My wife was watching Sleepless in Seattle. Such a classic scene, at the end, when the two destined lovers finally, after so many twists and turns, let go of their own resistance and embraced their lives and each other. Jimmy Durante provided the musical background.
Make someone happy
Make just one someone happy
And you will be happy too.
And I pulled my wife up from the couch. She laughed, and we danced around the room. Milo, our cat, was sleeping in a chair and I stopped dancing and sang to him and he started purring.
And then, a new moment. My wife went to the bathroom to brush her teeth and I went upstairs to the bedroom with a book of poems, Cold Mountain, written by the Chinese hermit, Hanshan.
Such moments, ordinary and yet not, make a life full.
Cold Mountain says, Seeing the empty sky, things grow even more still. And I realized stillness and dancing arise from the same root.
Dancing with my wife
The cat purrs.
The moon in the window–
So still, so full, so empty.
When the spirit is right,
The cat and the moonlight
Provide the perfect dance music.
Some of us never stop expecting, or hoping, for something magical to happen, or never stop doing our best to see what is right in front of us as magical. We never let go of that childhood delight in things.
I was lucky and privileged. I was allowed to be a child, and to see the world as full of possibilities. My family lived in a single-family home in the suburbs of New York City. For me, our backyard was often turned into a distant land. My little wagon was transformed into a ship to search out buried treasure, archaeological ruins, or magic stones. The cry of a bird became a message of enlightenment. The people around me became heroes or heroines capable of acts of greatness.

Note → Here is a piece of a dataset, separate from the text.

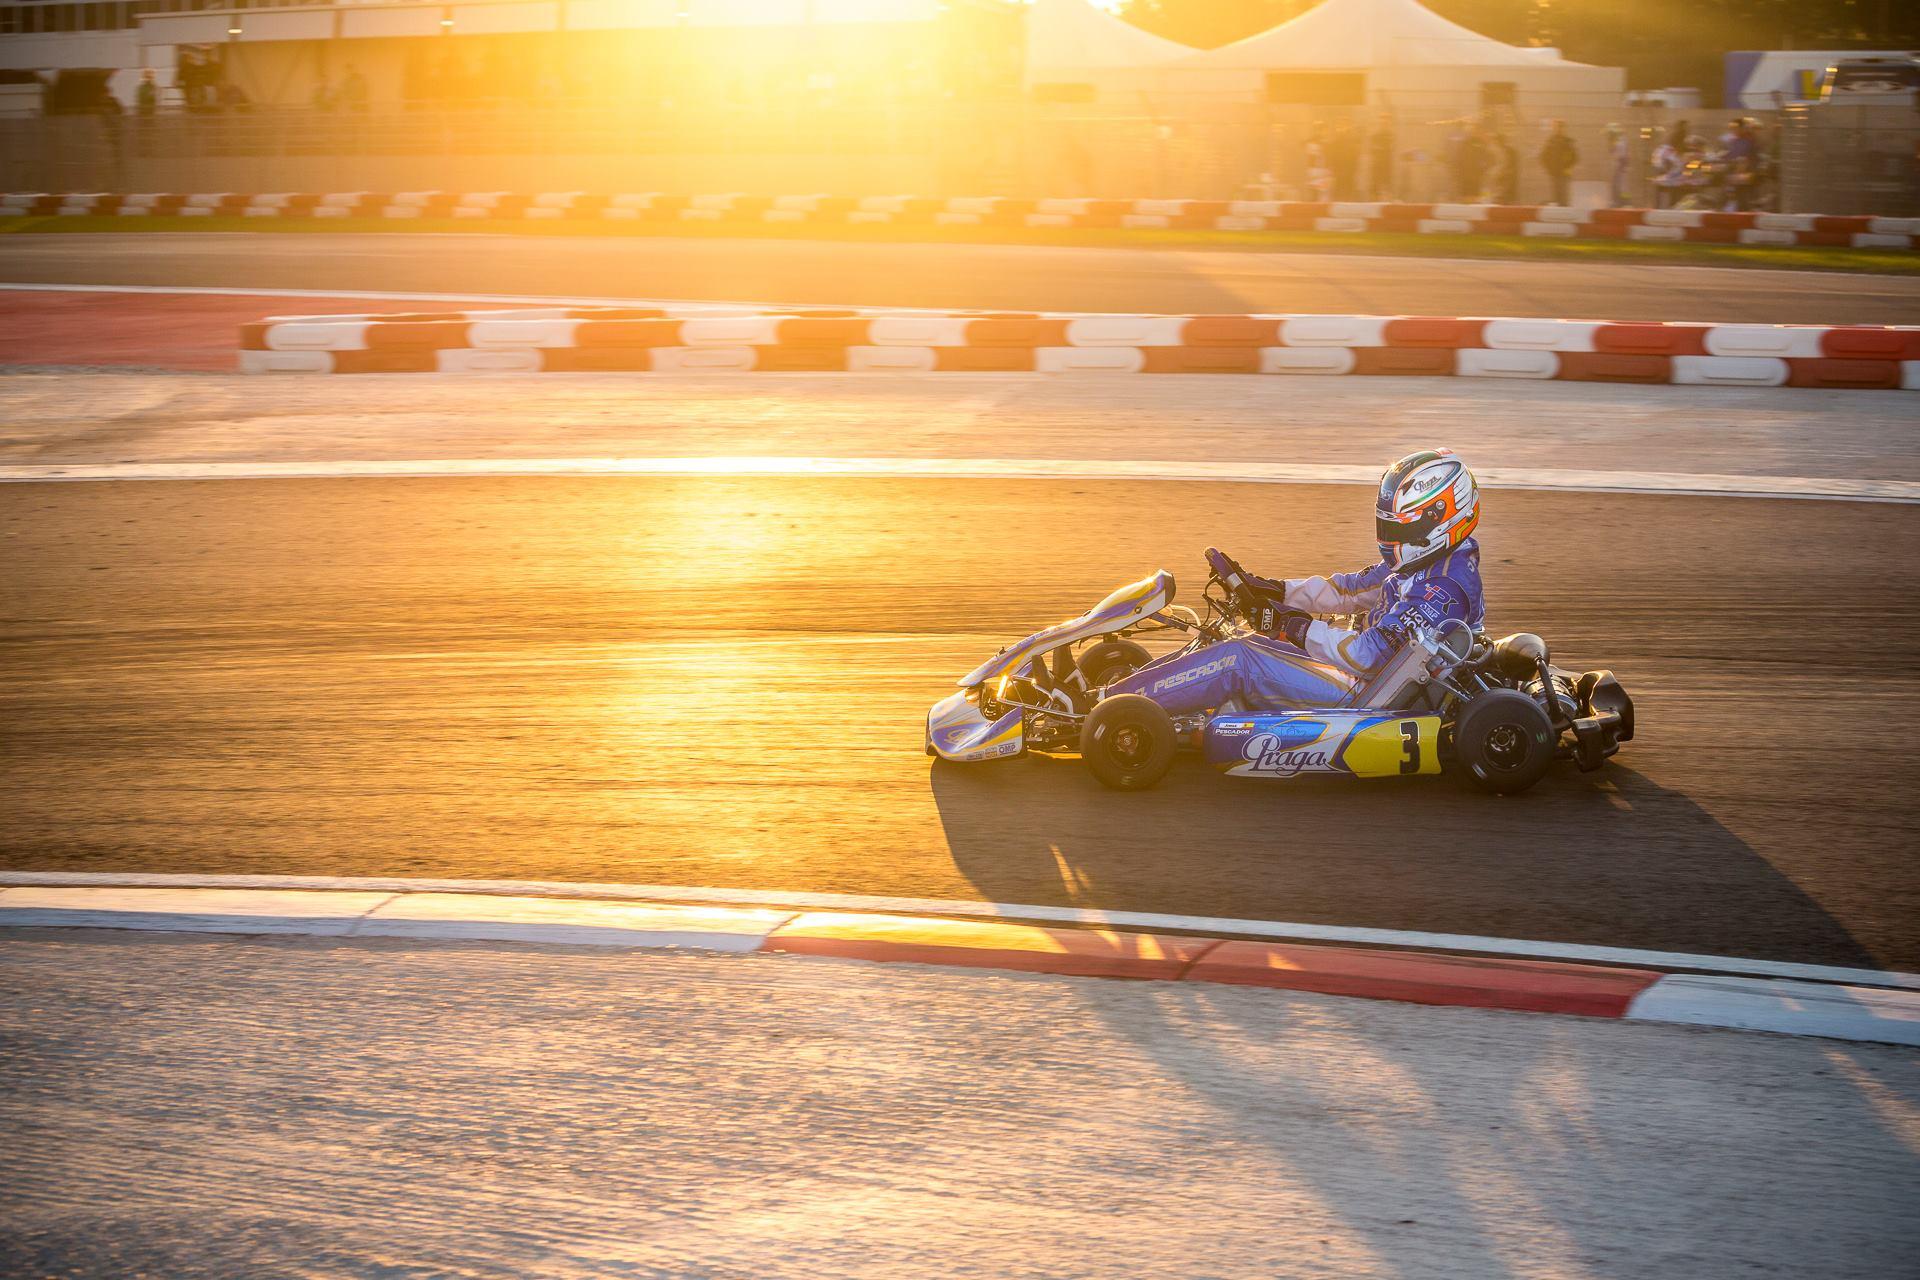 Successful end of season for PRAGA Kart Racing!

Others weren’t given or allowed this gift, which should be the reality for all of us, especially as children. We all faced fright, threats, and trauma, but too many of us were hurt too deeply or had to face more than any child should be forced to face. Maybe it is possible to step out of this hurt at times and reclaim what was lost. Maybe we can use our past to learn both who to avoid and who we should seek out, that although there is trauma, there is also joy. We can study incidents of kindness so we can learn what it feels like and apply it to ourselves.
I still expect to see heroes and heroines. Our world today needs them, or us; not Superwoman or Achilles, but those ready to do simple acts, to help neighbors, create community, speak out and confront those who would steal the childhood from children or steal the voice of any living being not like themselves from the world itself. This is our call to adventure.
This is our dance, part of our loving, part of embracing life.